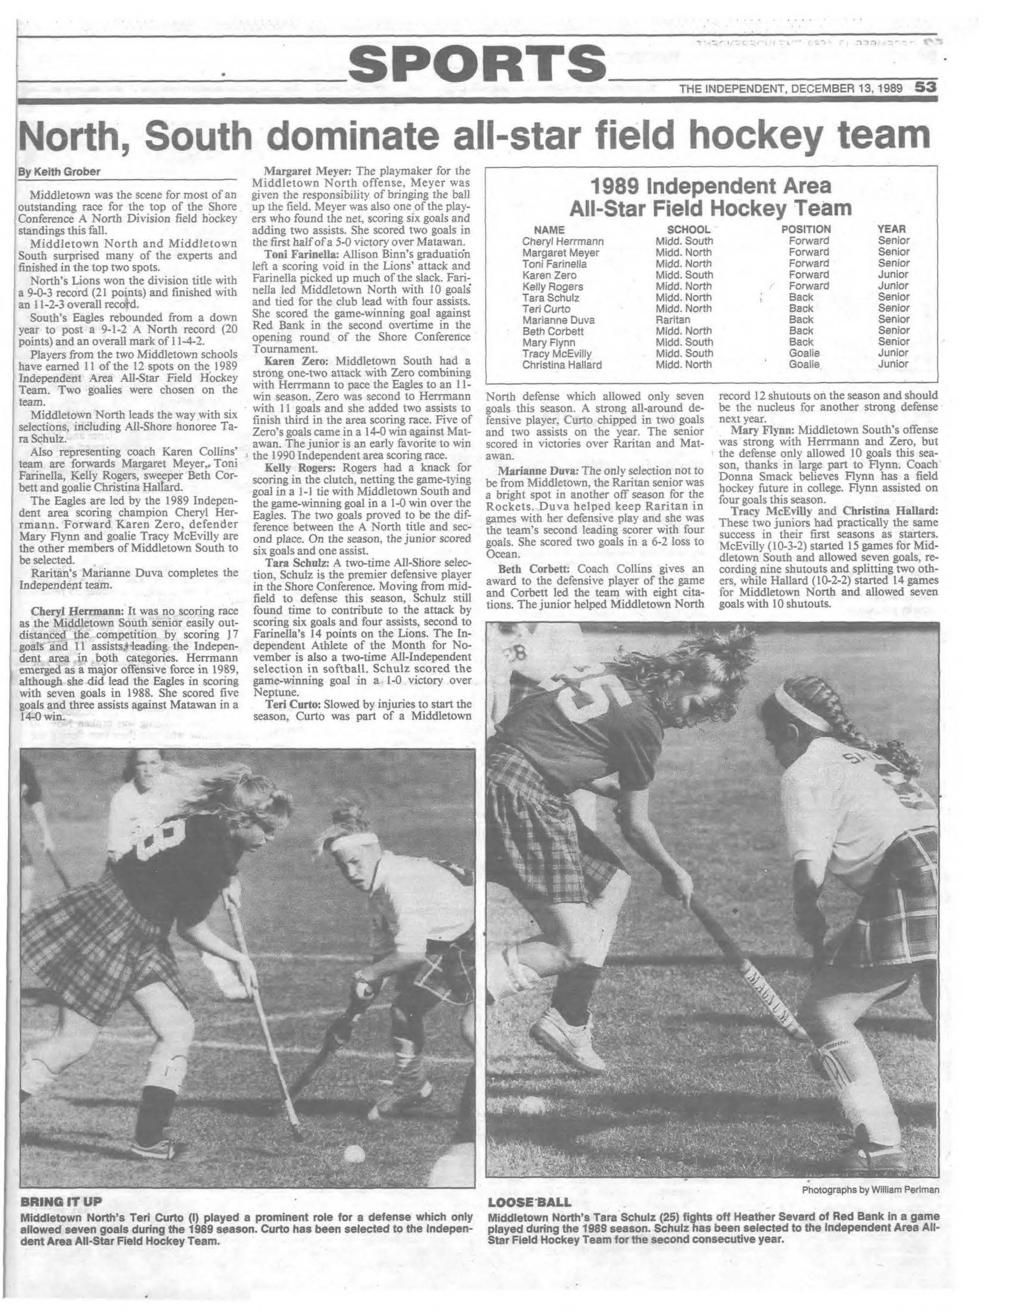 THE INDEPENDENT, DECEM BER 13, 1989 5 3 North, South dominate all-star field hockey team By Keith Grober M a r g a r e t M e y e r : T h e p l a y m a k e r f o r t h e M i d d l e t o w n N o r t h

---

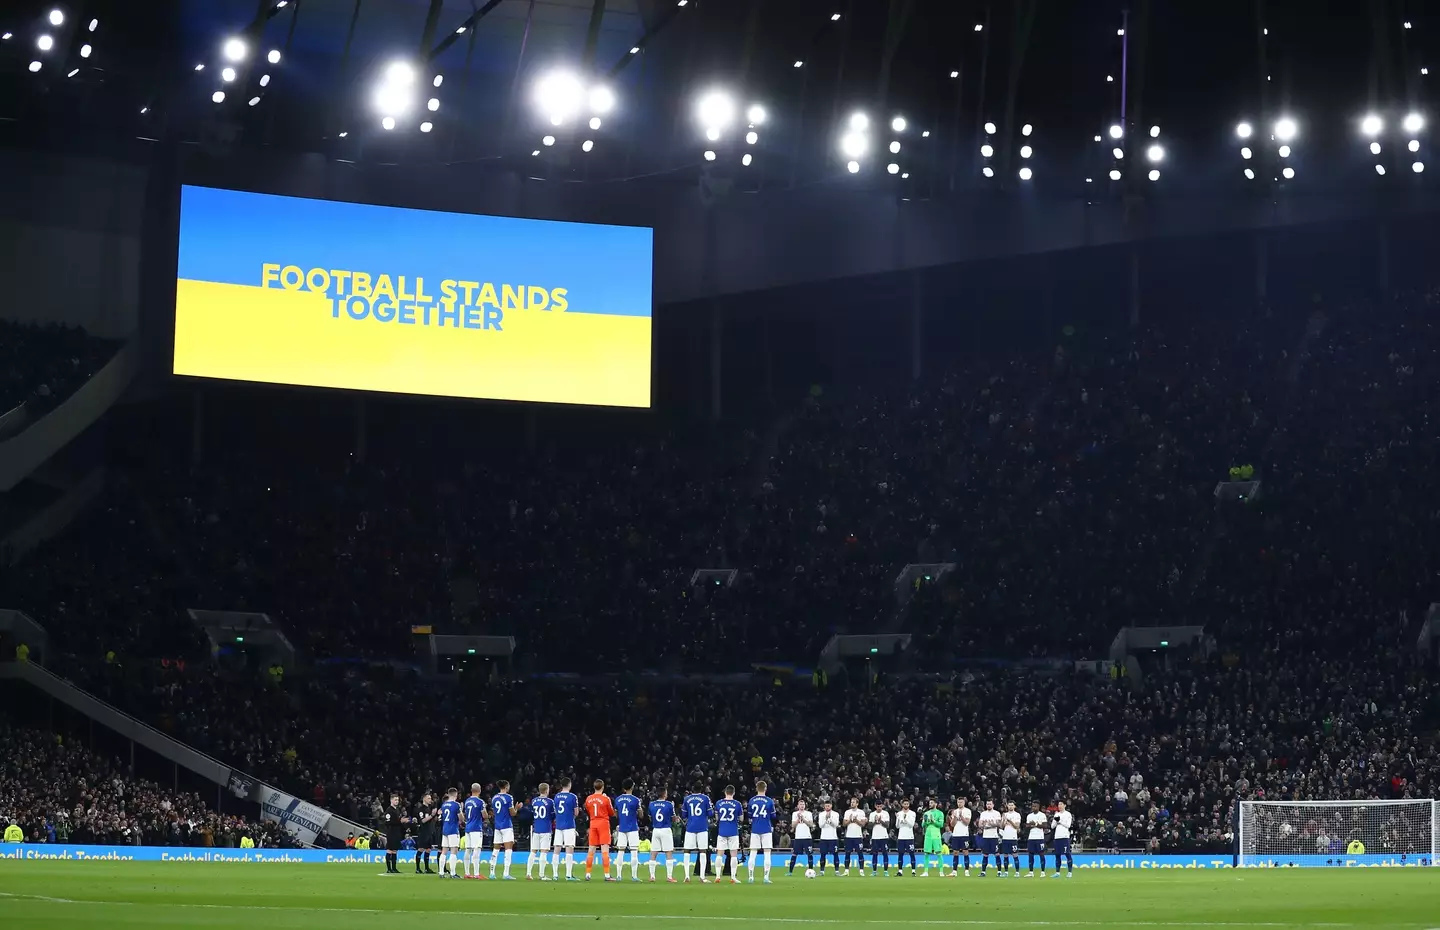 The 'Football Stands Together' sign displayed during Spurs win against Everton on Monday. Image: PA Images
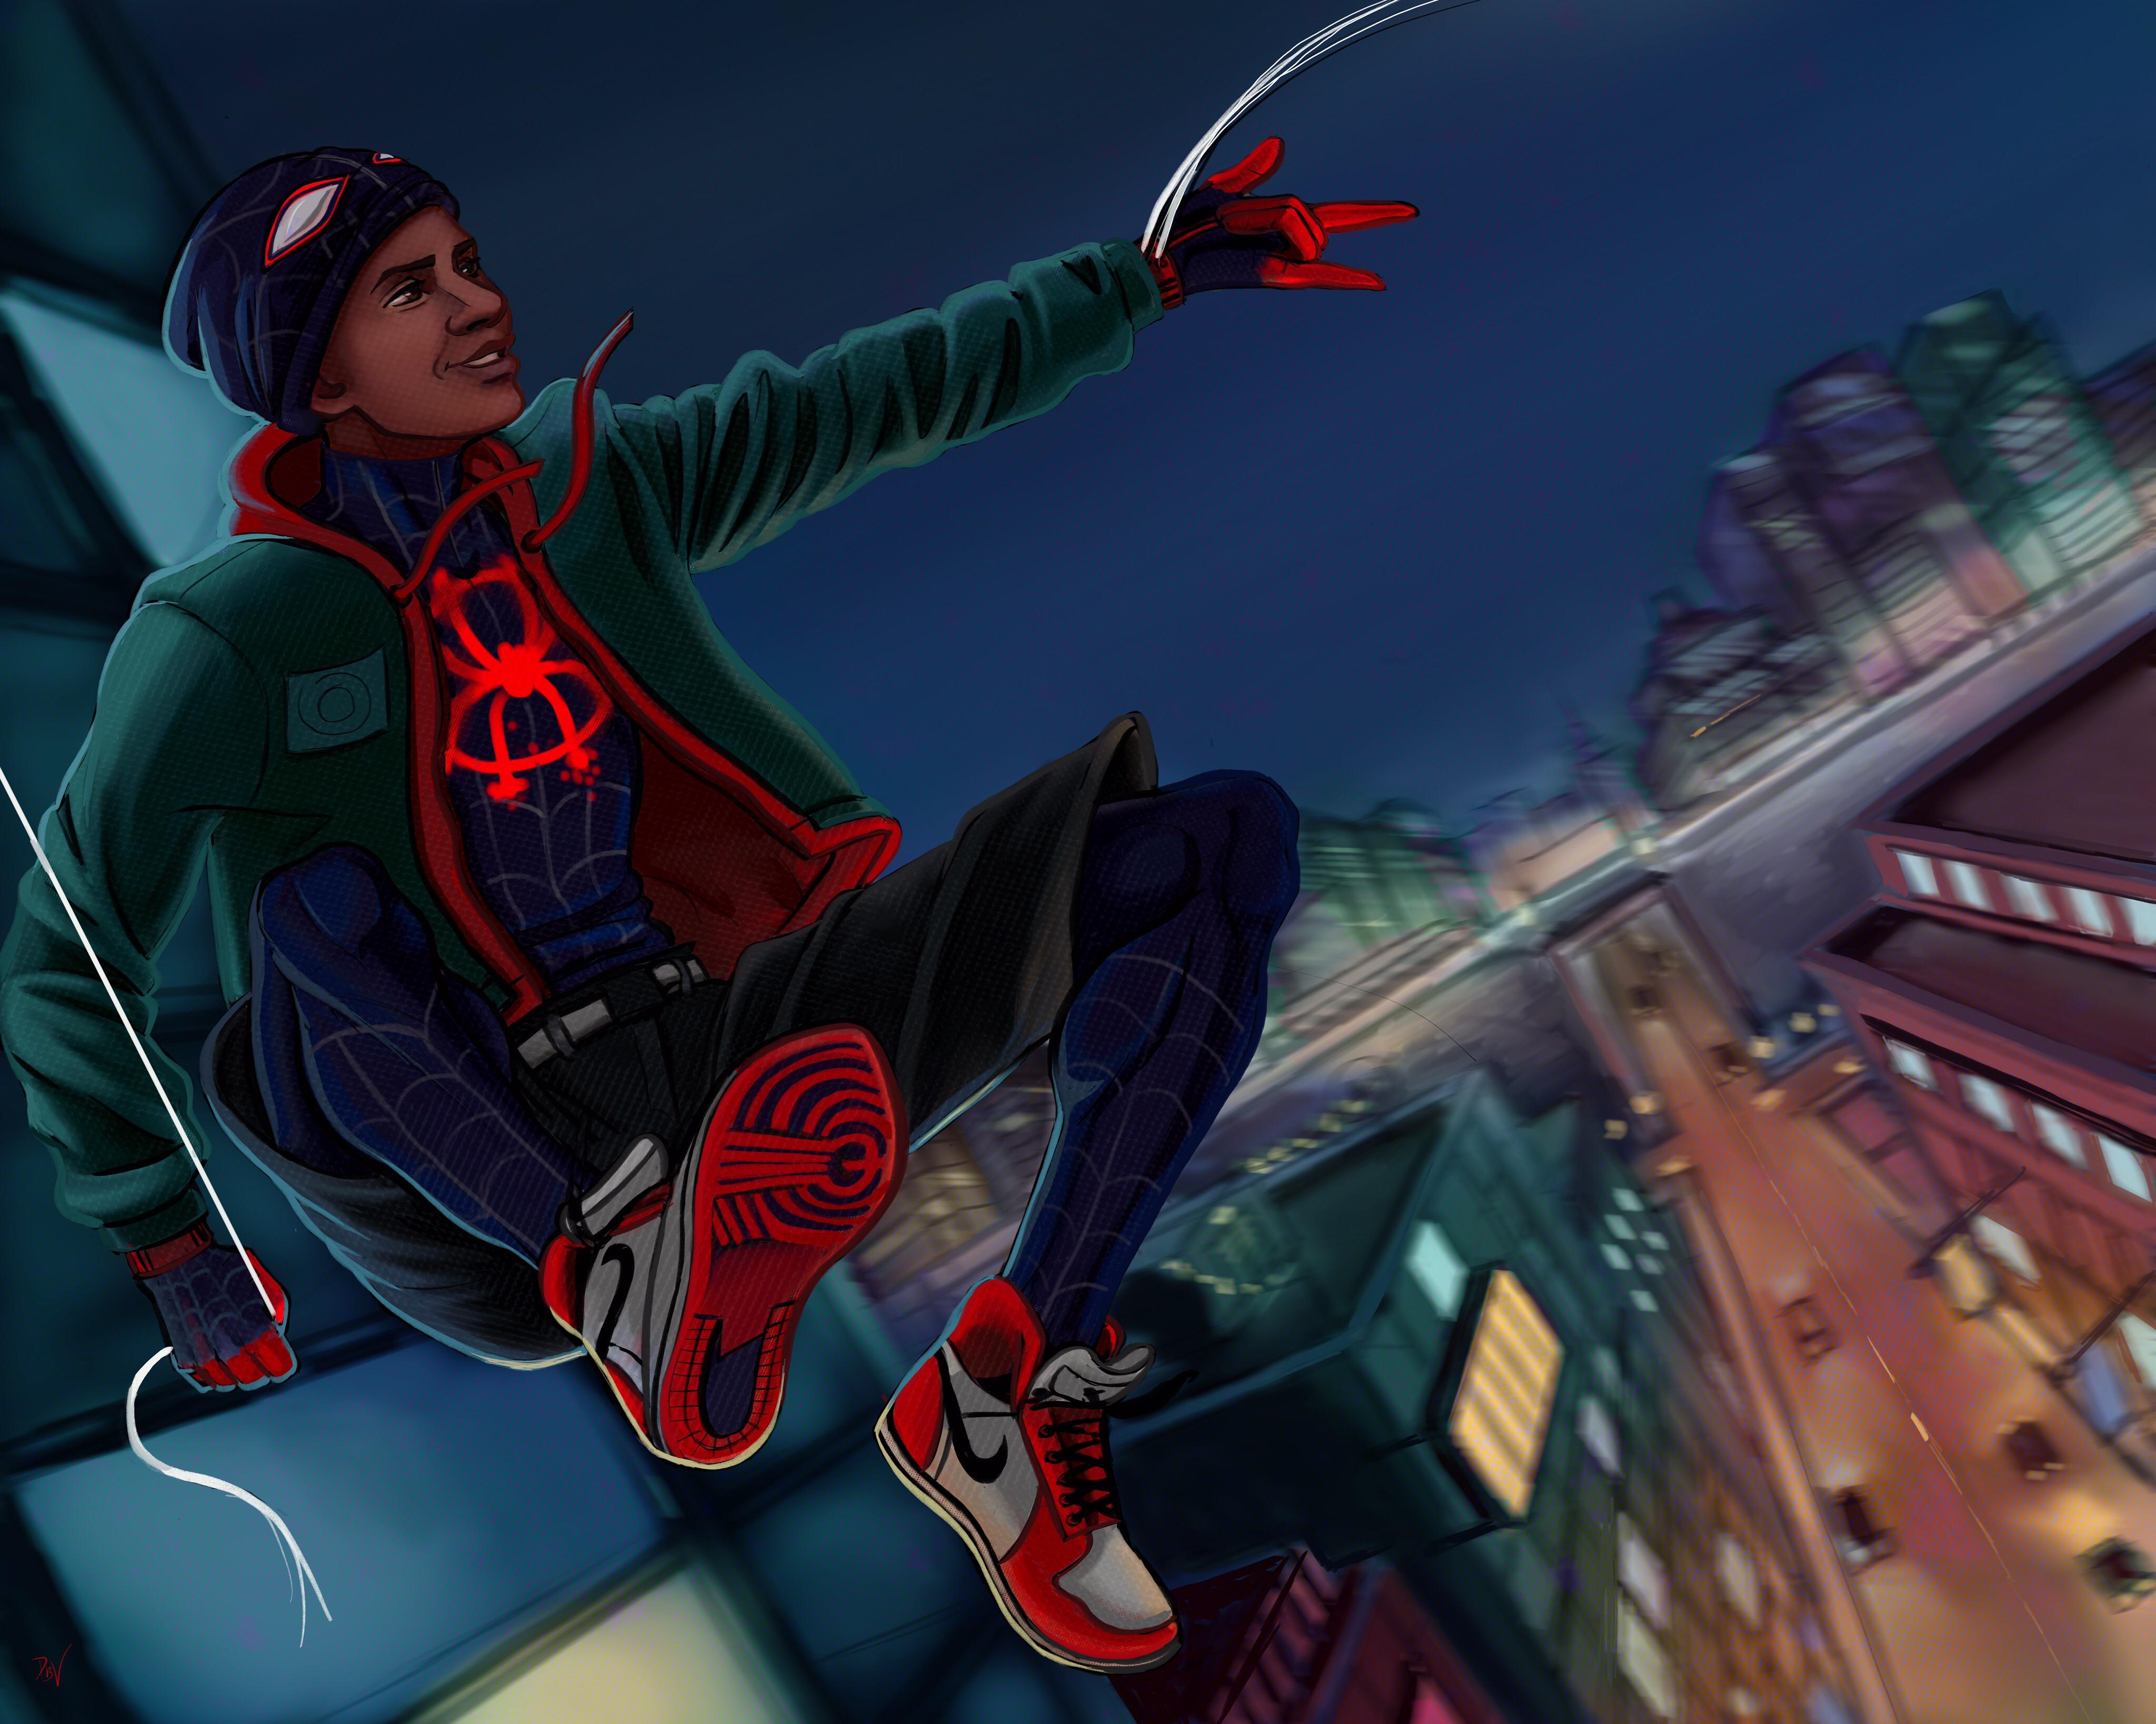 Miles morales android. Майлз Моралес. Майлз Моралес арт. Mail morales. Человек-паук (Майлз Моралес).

§ **WORK INSTRUCTION**
The answer is the lines above from the one with "The 'Football Stands" to the one with "Miles morales android.", set down exactly, with no pictures.

§ **ANSWER TO THIS TASK**
 The 'Football Stands Together' sign displayed during Spurs win against Everton on Monday. Image: PA Images
 Miles morales android. Майлз Моралес. Майлз Моралес арт. Mail morales. Человек-паук (Майлз Моралес).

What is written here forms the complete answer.